Роберт не пошевелился, хоть и вполне осознавал, насколько близко его голова находится от решетки. Слабая полуулыбка тронула уголки его губ.
— А ты зайди и заставь меня, Эдди.
На мгновение застыла напряженная тишина, потом скрипнул кожаный ботинок. Роберт прислушался. Зелински стоял прямо над ним, их разделяла лишь решетка.
Он не только увидел, но и почувствовал, как опускается дубинка, и едва шевельнул головой. Удар пришелся по матрасу. Прежде чем Зелински успел убрать дубинку, Роберт схватил ее, вскочил, сунул палку между прутьями решетки и ударил по ней локтем. Хрясь! Два обломка покатились по цементному полу.
Он снова улегся, заложив руки за голову.
— Попробуй еще разок, Эдди, и я сложу тебя пополам и скормлю тебе твои собственные ботинки.
Дверь приоткрылась. Металл заскрежетал по коже. Эдди снял револьвер с предохранителя.
— Что, пижон, наслаждаешься своей крутизной?

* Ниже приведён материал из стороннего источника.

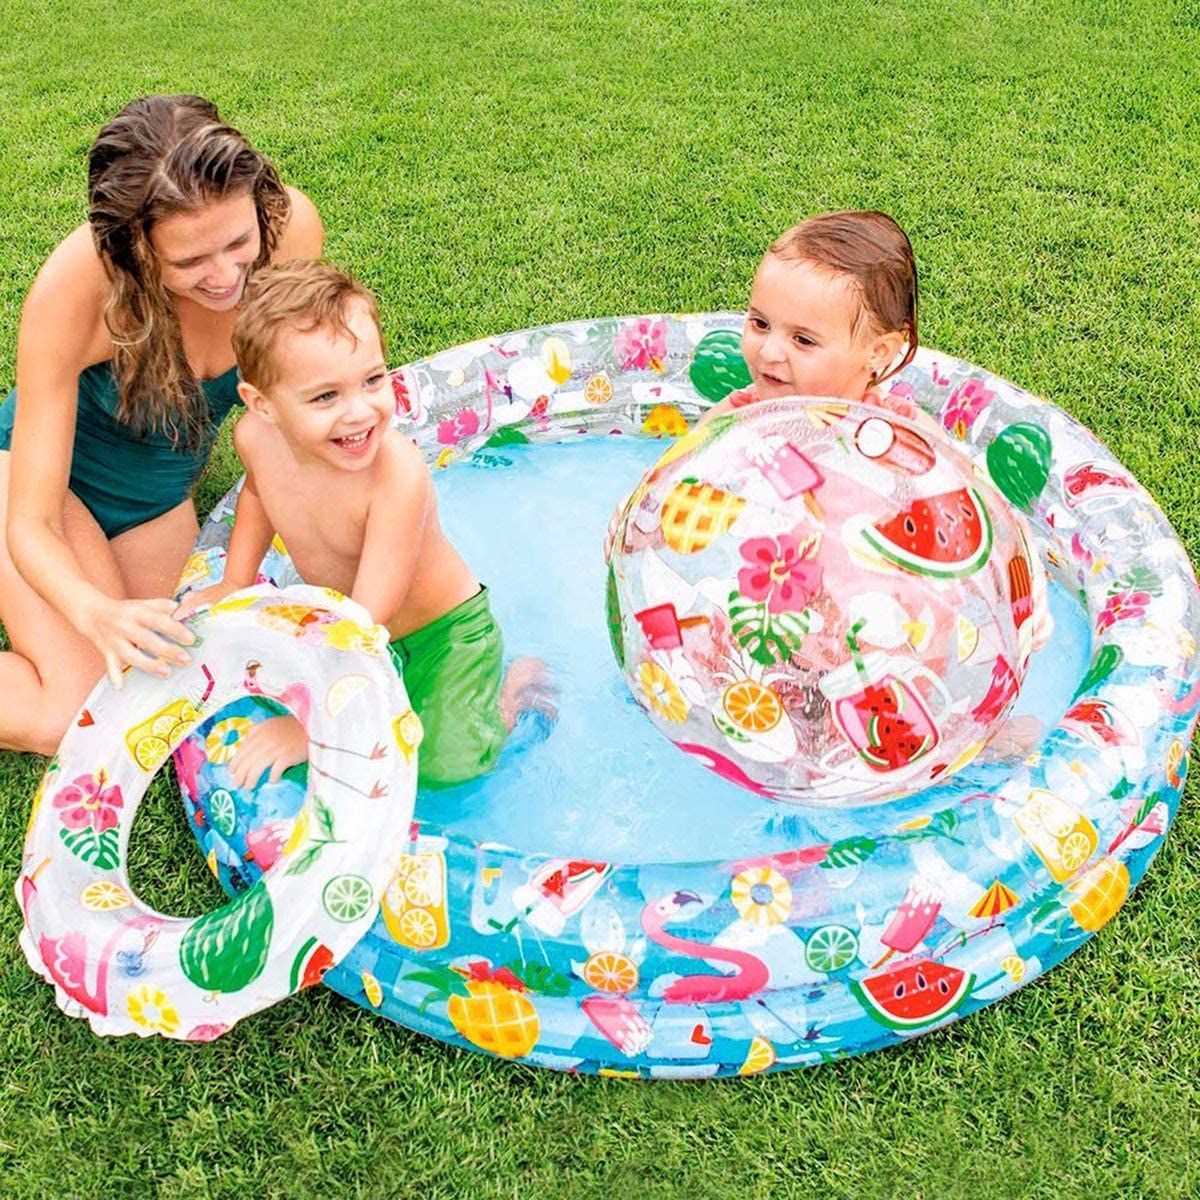 Piscina Hinchable para Niños con otra piscina central 279 x 36 cm.

Роберт перекатился на бок и поднял руку. Зелински было почти не видно в темном коридоре, зато лунные лучи поблескивали на коротком стволе тридцать восьмого калибра.
— Хочу поблагодарить тебя за визит, Эдди. Лежа здесь в одиночку, я порой жалел себя. А теперь мне жаль тебя, парень.
Зелински нервно зашевелился в коридоре.
— Складно говоришь, Погловски. А вот я возьму сейчас и вышибу тебе мозги, а потом скажу, что ты хотел проломить мне дубинкой голову.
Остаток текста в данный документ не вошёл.